Cruise ship operators are also suffering. Luminous Cruising Co. of Japan filed for creditor protection at the beginning of March. It was already experiencing financial difficulties due to rising fuel prices and disruptions caused by recent earthquakes and typhoons in western Japan, however, it cited recent customer cancellations linked to the recent COVID-19 outbreak on the Diamond Princess as the main cause of its insolvency.

The virus is likely to spread to other sectors. Weakened Chinese imports caused by the coronavirus are having a domino effect on supply chains, exposing various businesses to the greater risk that their counterparties will either try to avoid their contractual obligations or simply default. Companies with already high levels of debt are finding existing credit lines withdrawn the moment they need to pay suppliers, while simultaneously not receiving customer payments. US diabetes device company Valeritas Holdings Inc. filed for Chapter 11 bankruptcy in Delaware in February this year after their pre-existing supply chain problems worsened with the work stoppages in China, stating that the uncertainty regarding when rural employees would return to work caused production capability issues. Compared to other regions, Asia-Pacific faces the highest increase in insolvencies due to its close ties to China. Japan particularly, with its dominant position in the ICT sector, is estimated to be facing a 5% rise in insolvencies this year, according to Atradius Economic Research (March 2020). Nevertheless, the number of European businesses becoming insolvent is predicted to increase by 2.1% this year.

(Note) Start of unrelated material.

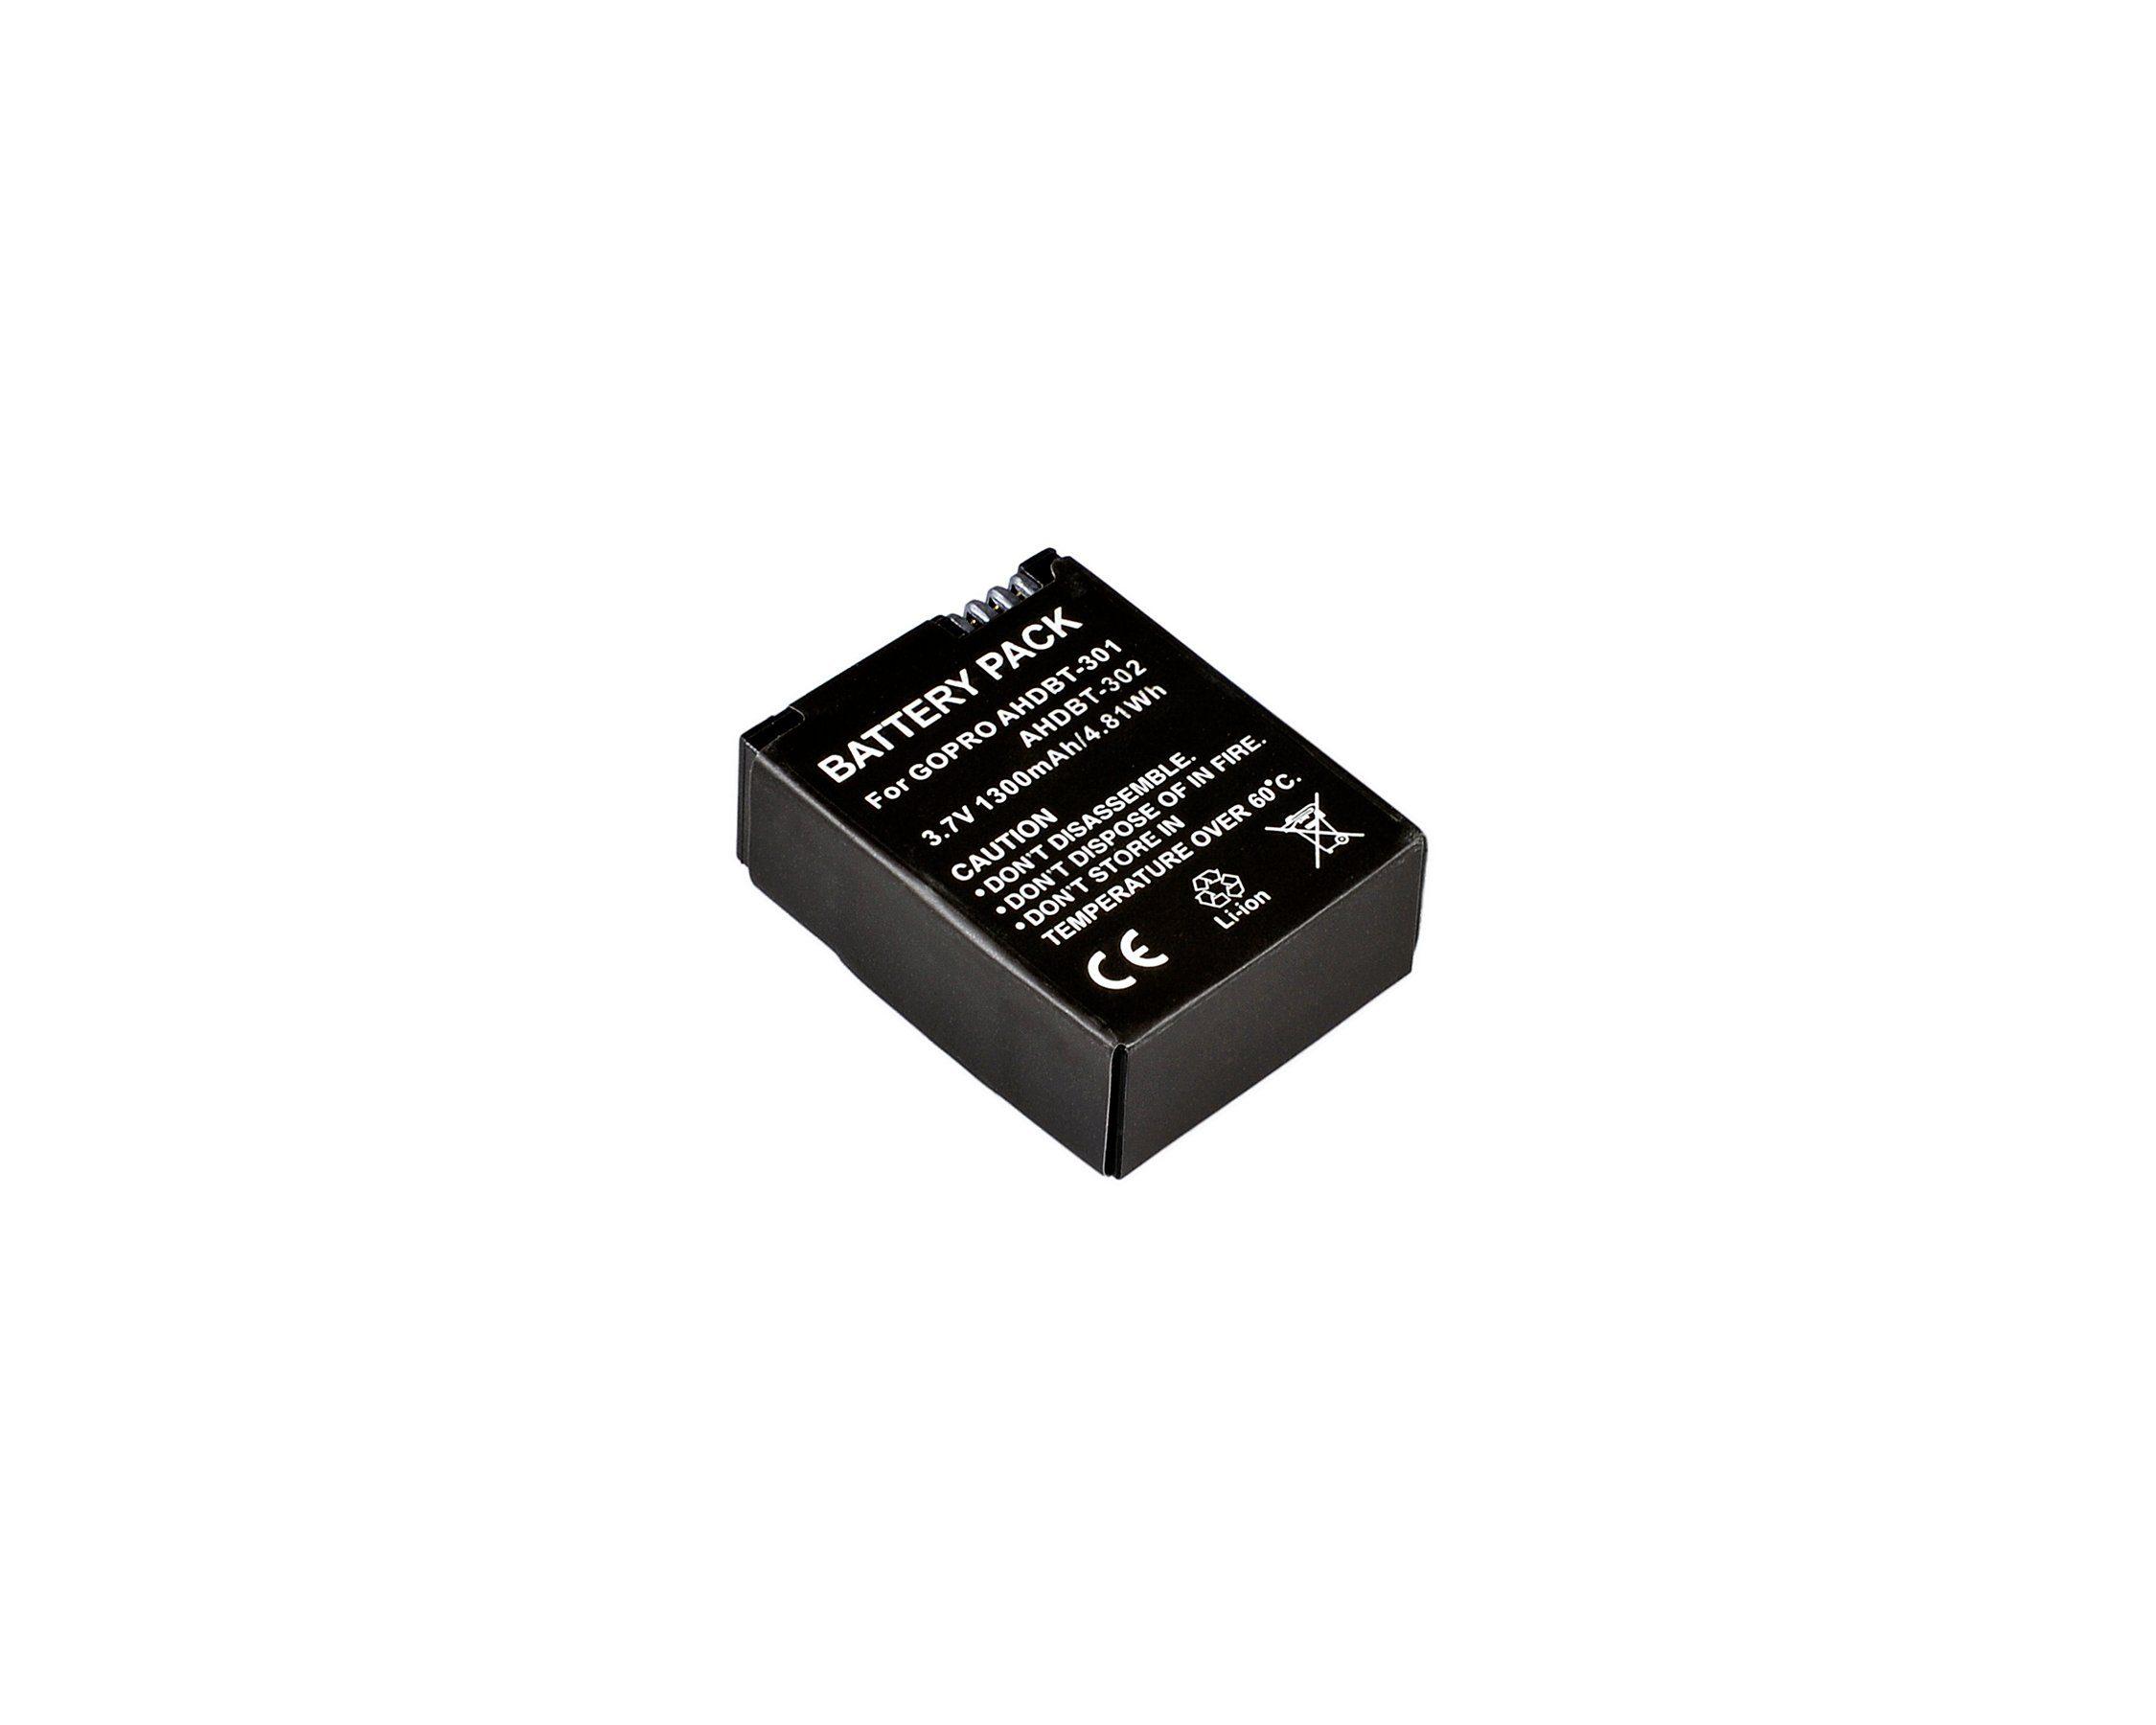 BRESSER Akku »Lithium-Ionen Akku für GoPro Hero 3 AHDBT-301«

What does this mean for Maltese businesses?

For as long as the coronavirus continues to affect local businesses, company directors should refrain from (figuratively) washing their hands of their corporate responsibilities, and must instead take steps to actively monitor and manage potential insolvency risks, whether their own or of business stakeholders. Naturally, different considerations apply to different industries. However, at a minimum, this would involve:

  • reviewing contracts to consider whether insolvency constitutes an ‘event of default’, and any remedy provisions;
  • monitoring the financial position of business counterparties, including whether winding-up applications have been filed in court and whether any executive or precautionary warrants have been issued against them;
  • reviewing the financial position of the company with financial and legal advisors for early detection of cash-flow or balance-sheet insolvency and an opportunity for timely financial restructuring;
  • seeking advice on directors’ duties when there is a risk of insolvency, and ensuring that good corporate governance subsists notwithstanding economic difficulties;
  • considering strategies to preserve and augment the asset base of the company;
  • considering the status of employees and the effects of any default in the payment of their wages;
  • in the case of multinational companies or companies with cross-border business arrangements or assets outside of Malta, assessing cross-border insolvency risks, requiring Maltese law and foreign law advice.